Bilindiği gibi Türkiye’nin yaklaşık 300 yıllık bir demokrasi birikimi var. Tek parti ve darbe dönemleri istisna olmakla birlikte Türk milleti 1908’den beri çok partili sistemle yönetiliyor. Türk siyasi hayatında olağanüstü koşullarda bile dış politikada millî mutabakat sağlanmıştır. Mesela Birinci Meclis’te (1920-1923) siyasi yelpazenin farklı kanatlarında olmalarına rağmen milletvekilleri, Millî Mücadele’nin kazanılması için dış politikada millî mutabakatı sağlayabilmişlerdir. Aynı durum 1946 yılında çok partili hayata geçildiğinde de olmuştur.

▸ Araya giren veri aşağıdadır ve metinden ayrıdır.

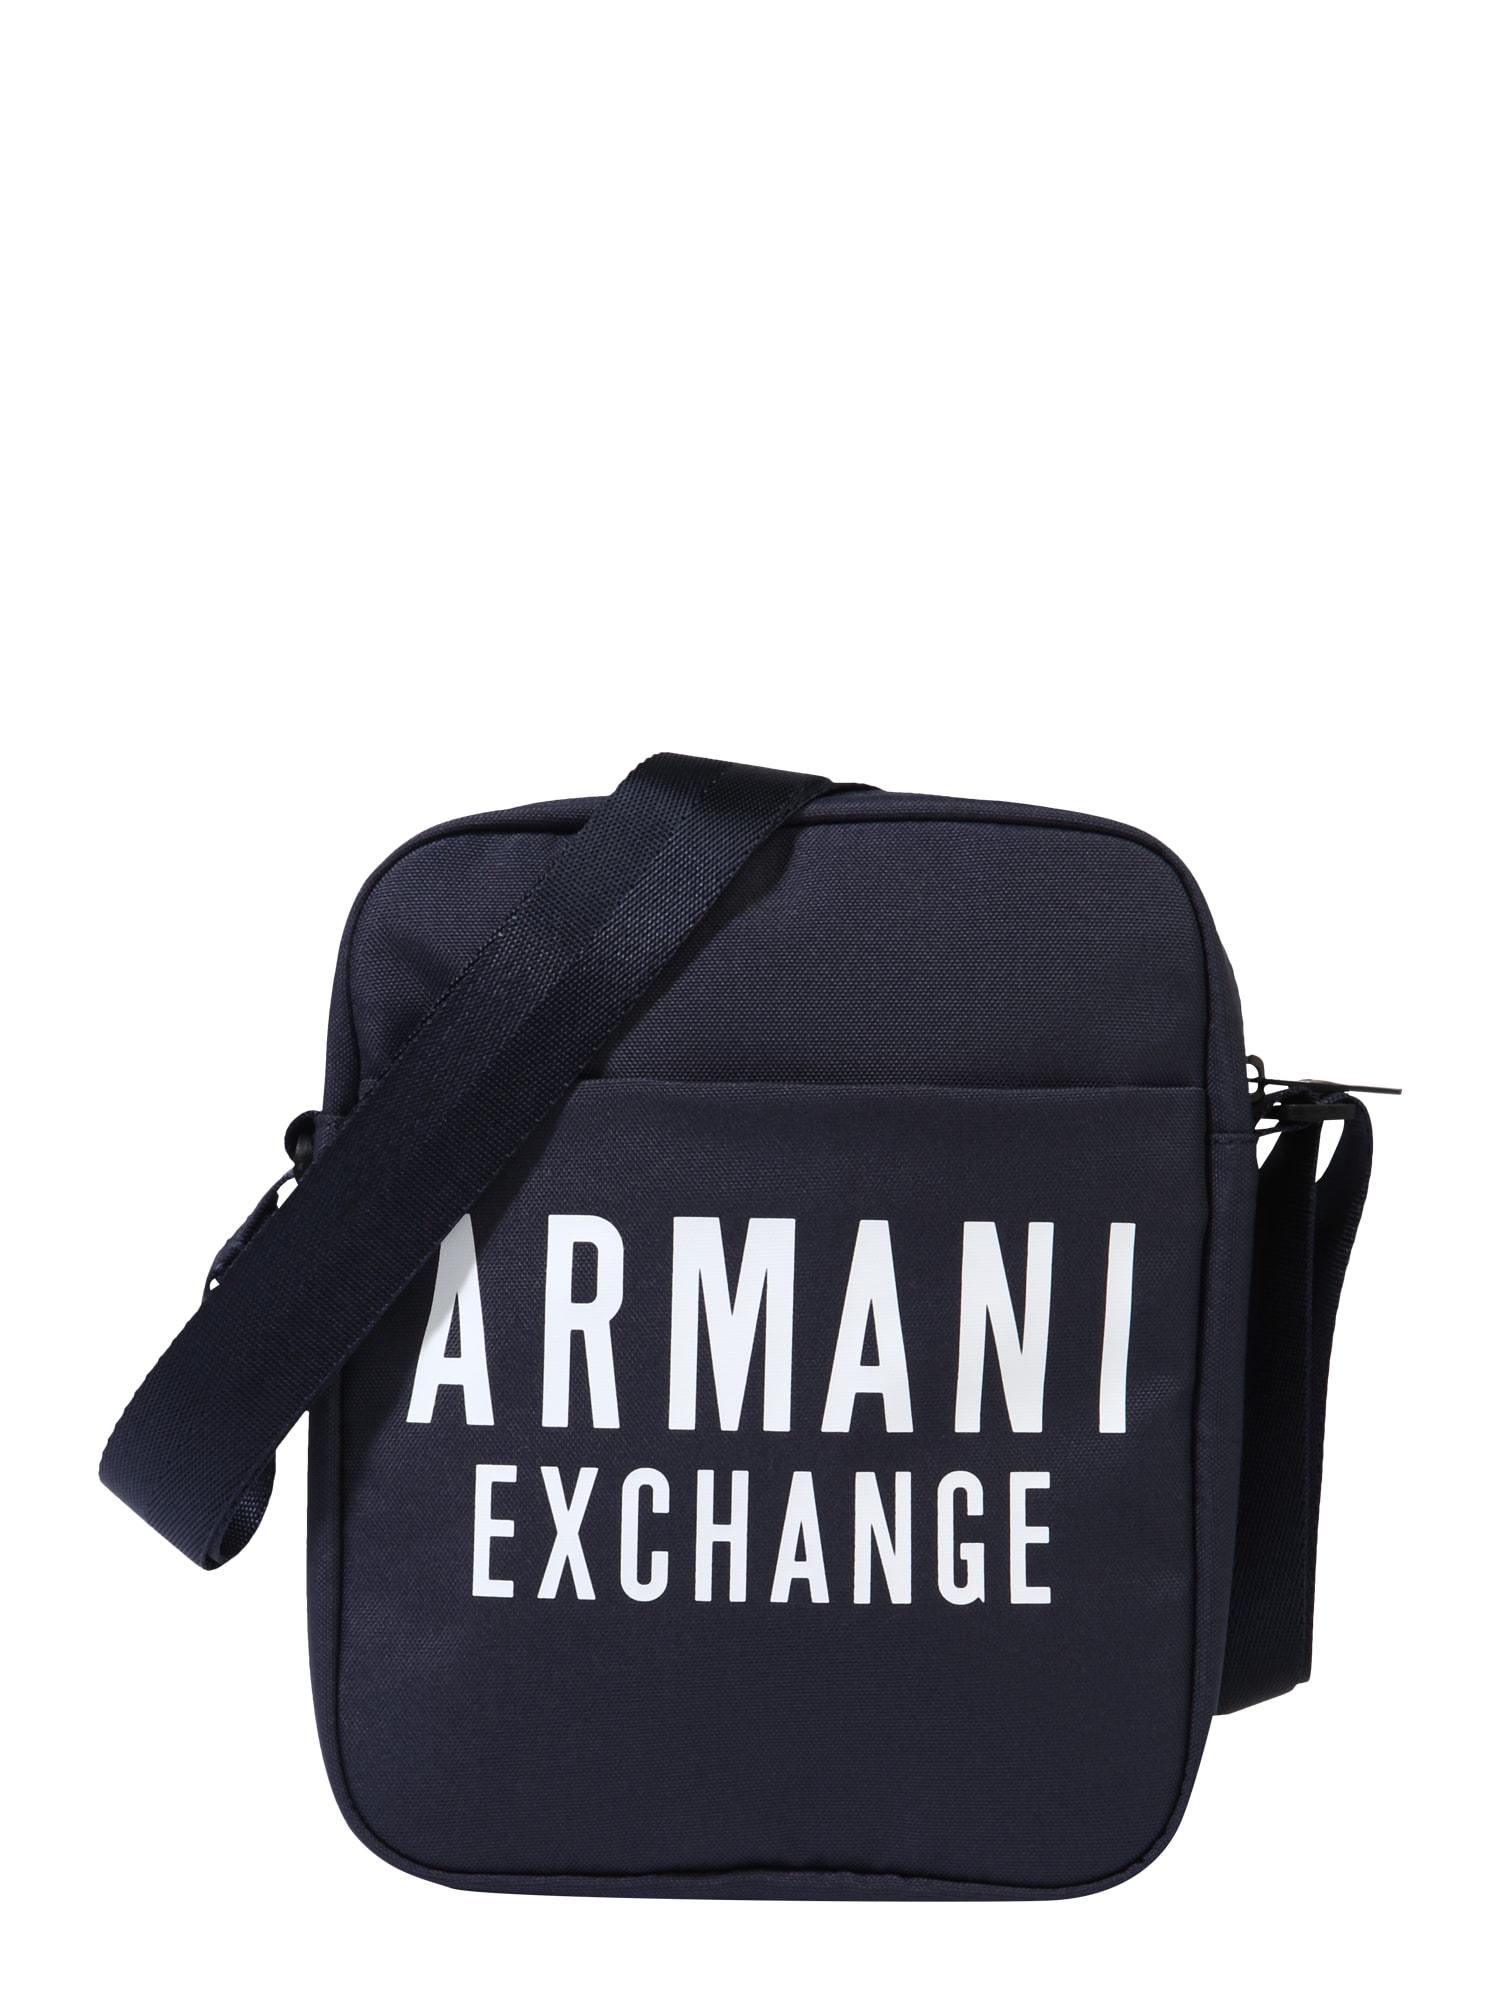 ARMANI EXCHANGE Rankinė su ilgu dirželiu tamsiai mėlyna / balta

Sovyet Rusya Türkiye’den toprak ve üs talebinde bulununca muhalefetteki Demokrat Parti, dış politika konusunda Cumhuriyet Halk Partisini kayıtsız-şartsız desteklemiştir. Yakın tarih incelendiğinde bunun gibi daha birçok örnek bulabiliriz.
Yunanistan’ın her fırsatta Akdeniz ve Ege’de gerilimi tırmandırdığı aşikârken; Ege’deki kara sularının genişliğini hukuksuz bir şekilde 6 deniz milinden 12 mile çıkarmaya gayret ettiği görülüyorken; Ege’deki adaları hukuksuz bir şekilde silahlandırmaya ve işgal etmeye çalıştığı biliniyorken Ülkü Ocakları’nın hazırladığı “Denizlerdeki Misak-ı Millimiz” haritasından kim, neden rahatsız olur? Haritadaki kare kod okutulduğunda sarf edilen cümlelerden kim, neden rahatsızlık duyar? Tıpkı önceki örneklerde olduğu gibi “Denizlerdeki Misak-ı Millimiz” meselesinde de millî mutabakatın sağlanması ve Türkiye’nin dış politikada tek ses olması gerekmez miydi?

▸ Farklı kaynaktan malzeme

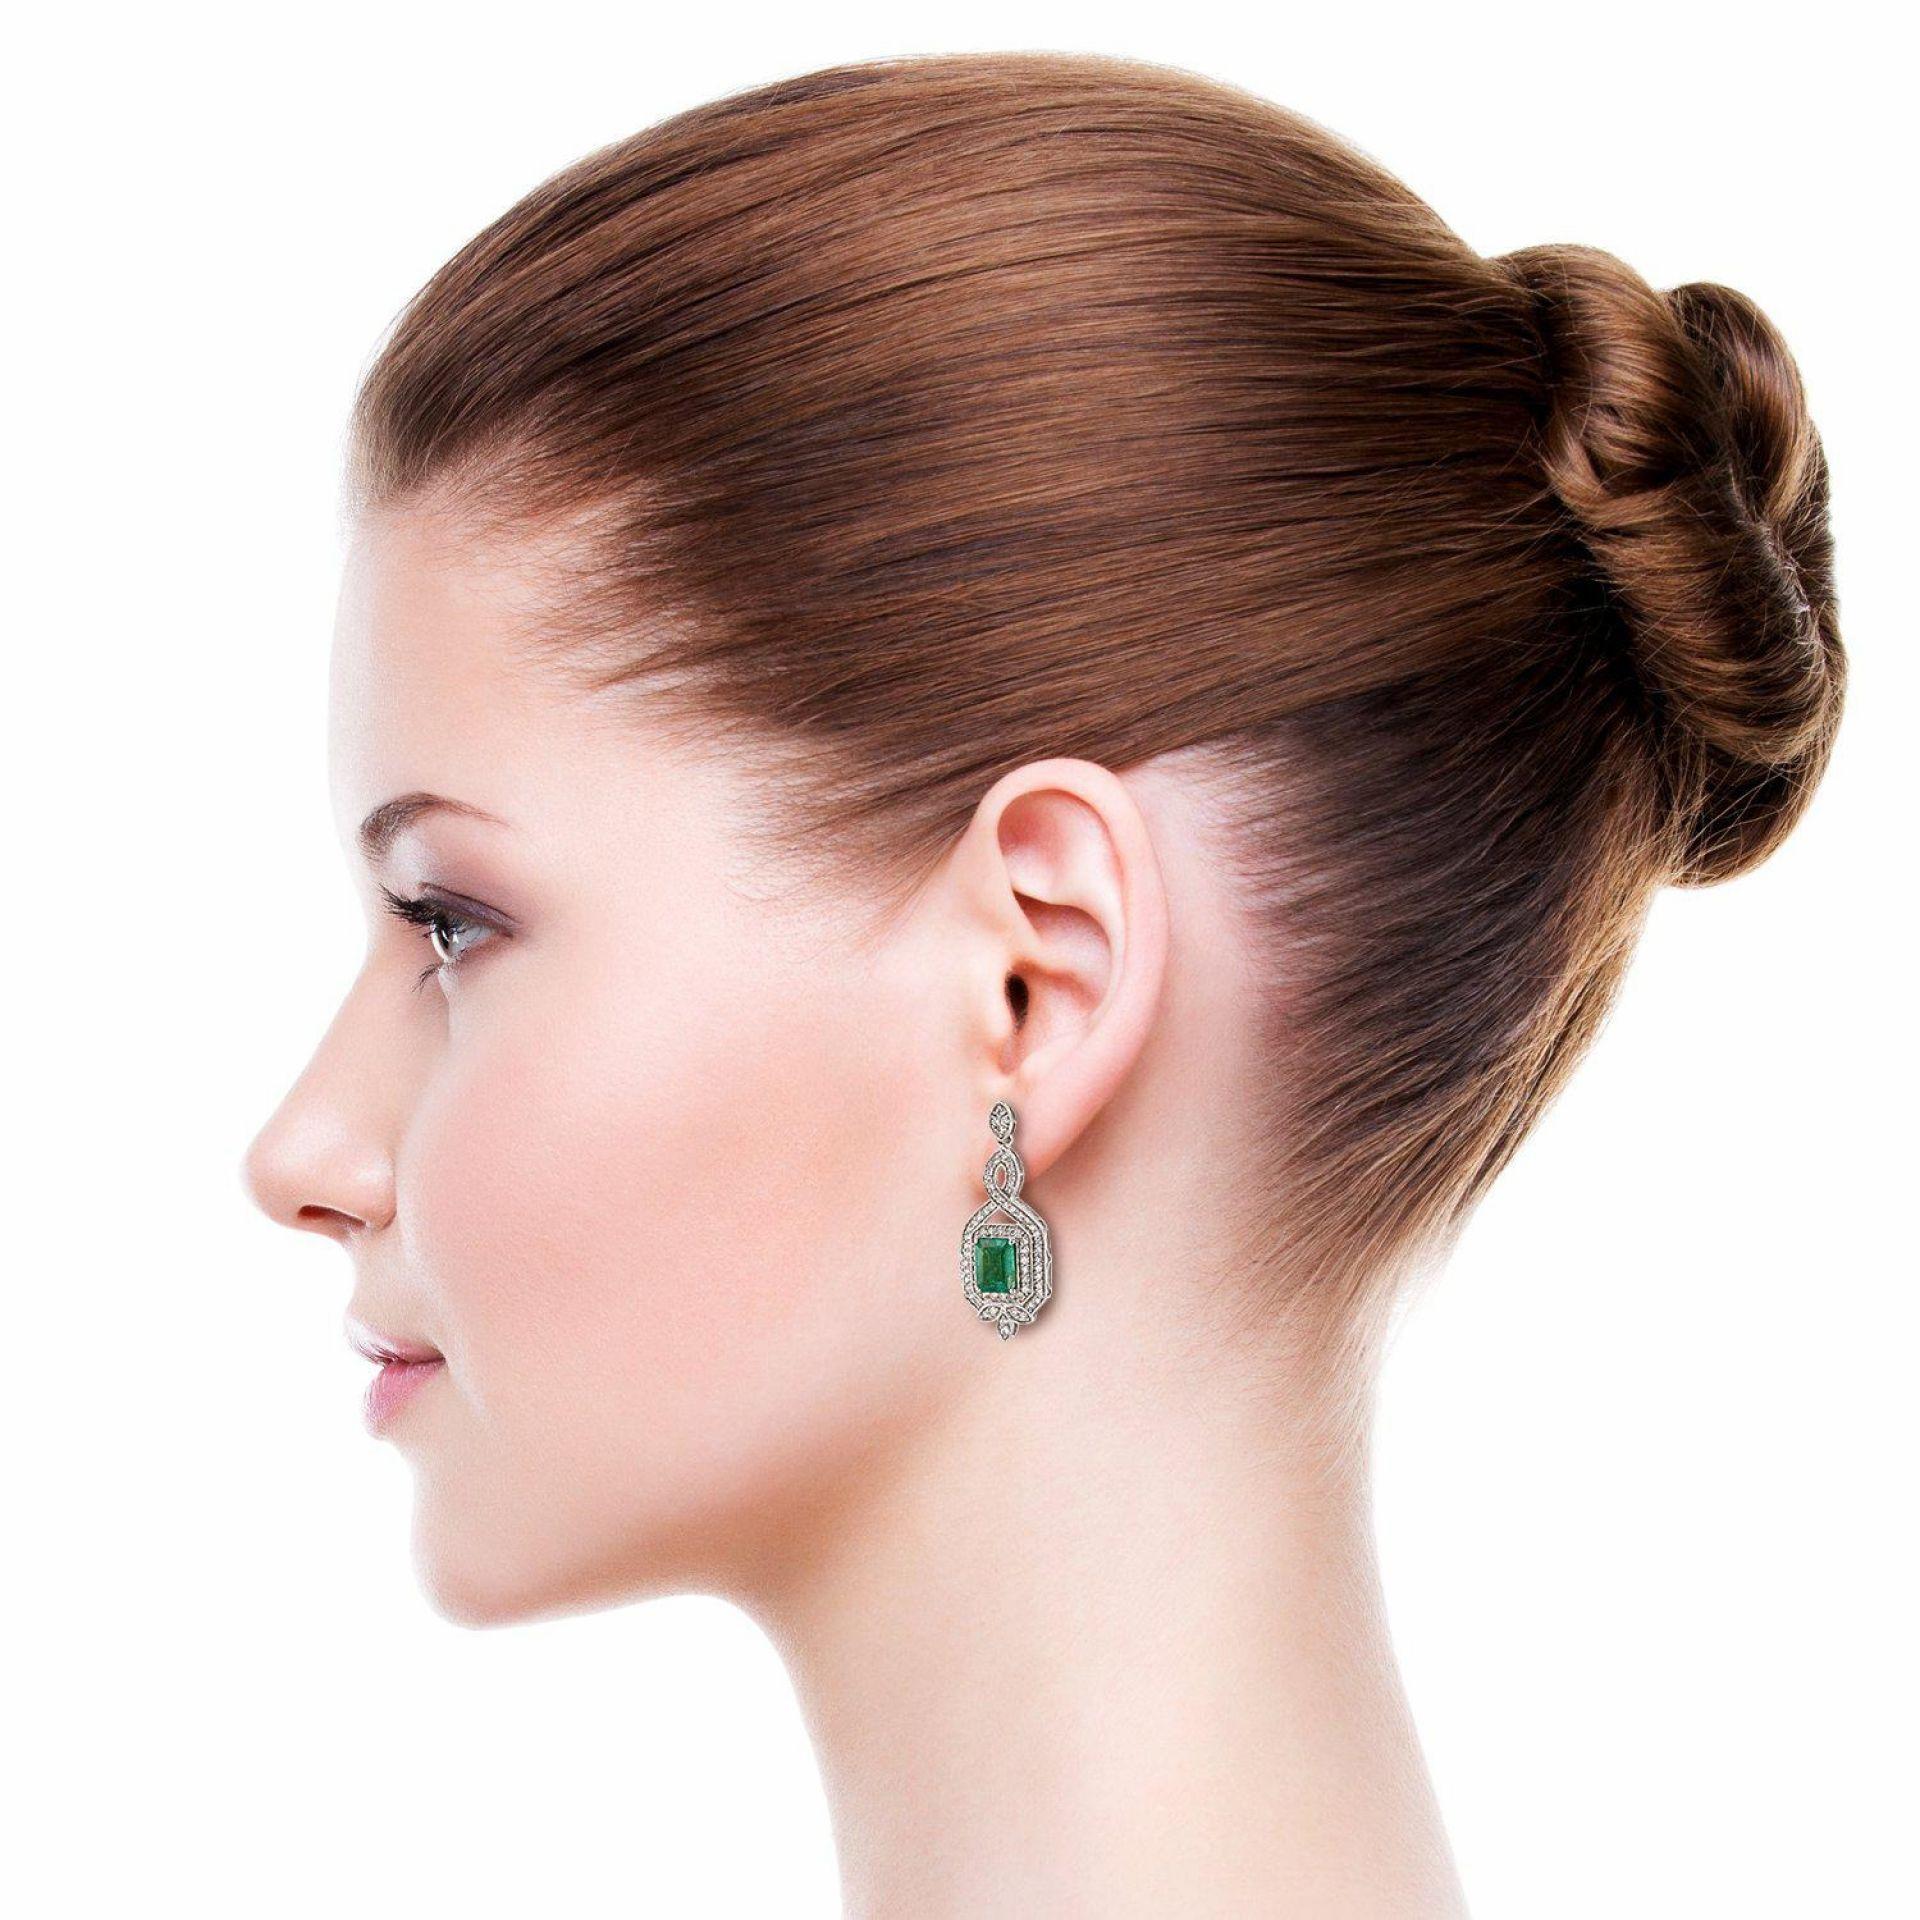 4.28ctw Emerald and 1.48ctw Diamond 18K White Gold Dangle Earrings

Soruları ne kadar artırırsak artıralım, cevaplar değişmeyecek! Çünkü Ülkü Ocakları’nın hazırladığı “Denizlerdeki Misak-ı Millimiz” haritasının anlamının ve öneminin son derece büyük olduğu ortadadır. 12 Ada’nın da Türk egemenlik sahasında olduğunu gösteren bu harita, yayılmacı Miçotakis yönetimine açık bir uyarı niteliğindedir! Yunanistan’ın Ege’deki kara sularının genişliğini hukuksuz bir şekilde 6 deniz milinden 12 mile çıkarma çabalarına karşı Türkiye'nin şakasının olmadığını göstermesi bakımından son derece önemlidir! Bu harita Türkiye’nin, uluslararası kazanımlarından asla taviz vermeyeceğini göstermektedir; Adaları hukuksuz bir şekilde işgale kalkan Yunanistan’ın, ders alması gerektiği mesajını içermektedir; Türkiye için sadece Meis'in değil, Atina'nın da bir nefes uzakta olduğunu belirtmektedir. Sözün özü bu harita Türkiye'nin 780 bin km2’lik kara parçasının tek bir taşından taviz vermediği gibi 460 bin km2’lik mavi vatanımızın da tek bir damlasından vazgeçmeyeceğinin teminatı niteliğindedir.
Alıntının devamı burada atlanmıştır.